Когда уходит человек - Страница 95


К оглавлению

95

Какие бураки, думал Ян. Какие бураки, если облава?..

— И я тебе что скажу, — настойчиво продолжал брат, — он до работы голодный. Копал, точно воду пил, я за ним не поспевал.

— А потом? — вырвалось у Яна.

— Еще сколько раз бывал. То одно, то другое подсобит. Чужого-то не попросишь. А теперь не разберешь, кто придет; совсем страшно стало.

Густав придвинул голову и понизил голос:

— Вон осенью в соседний хутор постучали, — кивнул на заснеженное окно, — темно уж было. Ну, пустили их; четверо, то ли пятеро парней. Хозяин — да ты знаешь его, хромой Антон, — вы присядьте, говорит, сынки. Сел к столу; палку прислонил, а она возьми да упади. Ну, жена нагнулась, подняла. Сейчас, говорит, соберу что есть — и в дверь, вроде как в погреб. Да только сама к сараю, оттуда что есть духу к соседям. Едва успела сказать, что, мол, сапоги у них больно новые да чистые (заметила, как за палкой нагибалась), — и назад. Приносит сметану и сала кусок. Вот, говорит, сынки, больше ничего нету. А больше, говорят, и не надо; увели обоих.

— А теперь где?.. — выдохнул Ян.

Брат только рукой махнул.

Ходики на стене издали какой-то скребущий звук, что в прежние времена означало бой. Давно — Ян с Густавом были еще мальчишками — отец привез эти ходики из города, восхитившись мелодичным боем и рисунком: олени, скрестившие рога перед началом поединка. Детям строго-настрого было запрещено трогать часы. Дешевые ходики, как ни удивительно, оказались не капризными: исправно показывали время, не ломались и только изрядно осипли за полвека. Краска не облупилась, но рисунок потемнел, и олени выглядели не такими уж боевитыми, а больше смахивали на лошадей со вздыбленными гривами.

— Я тебе что скажу. Раз они посылают своих по хуторам, дело пропащее. Человек кусок хлеба попросит, а ты дать побоишься. Когда, скажи, такое было?..
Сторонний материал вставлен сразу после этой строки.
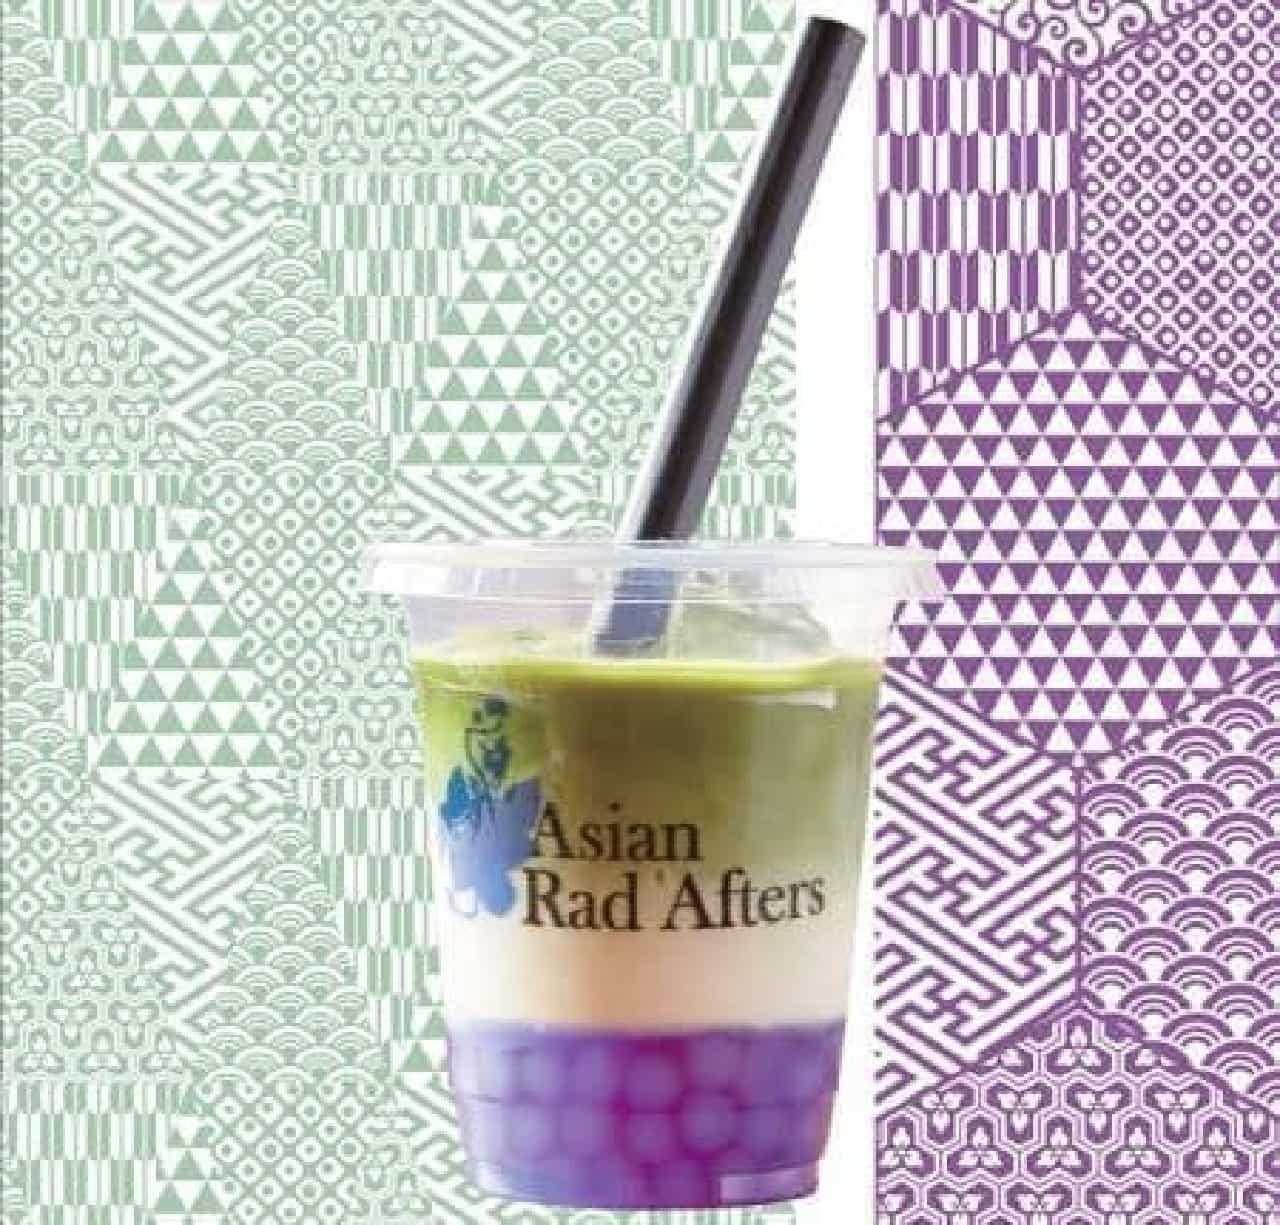 「キモノグリーン」は、ハーブティで色付けされたパープルのタピオカと、抹茶のコントラストを楽しめるグリーンティミルク

Густав медленно провел по лицу крупной грубой ладонью, словно воду стер.

— Оставайся ужинать.

— Нет; пора мне.

Мара, жена Густава, сунула Яну мягкий сверток: «Я тут Лайме чулки связала. Говорила, у ней ноги болят, холодно у вас; так пускай дома носит».

Доехали быстро. Станция крохотная, без перрона и скамеек, с одной только билетной будкой немногим просторней газетного киоска. Единственная колея ровненько прорезывала снег и утыкалась в темнеющий лес. Упустишь поезд — жди, пока дойдет без тебя до города, постоит, заправится углем — и в обратный путь, до большой станции в часе езды отсюда, где тоже постоит, а уж потом назад. Паровоз тормозит здесь четыре раза в сутки, по два раза в каждый конец.

— Успели, — Ян шел от кассы, стараясь ступать по собственным следам, — ты не жди, я сам.

Брат покачал головой.

— Я тебе что скажу, — оглянулся, хотя, кроме лошади, никого поблизости не было, — тут народ теперь… всякий. Вон с кассиршей поговори. Муж привозит ее за час до каждого поезда и с ней сидит, печурку топит; потом обратно домой едут. Жить-то хочется.

Вдруг стало светло. Вспыхнул белым неподвижный сиреневый снег и коротко гуднул паровоз.

— Ну, Лайме кланяйся, — Густав держал Яна за рукав, — да вместе приезжайте, в любое воскресенье!..

Вагон дрожал и покачивался. Ян подложил под голову сверток, который дала Мара, и прикрыл глаза. Густав все еще сидел за столом напротив него, под старыми ходиками. Вот чуть потеплеет, надо приехать вдвоем. Первый поезд в полшестого, назад — вот этим, вечерним. Славно будет посидеть вчетвером, а часы с бодливыми оленями будут сипло отсчитывать время… Прикупить надо, чего у них нет; Лайма знает. Только бы Валтер… только б мальчик уберегся…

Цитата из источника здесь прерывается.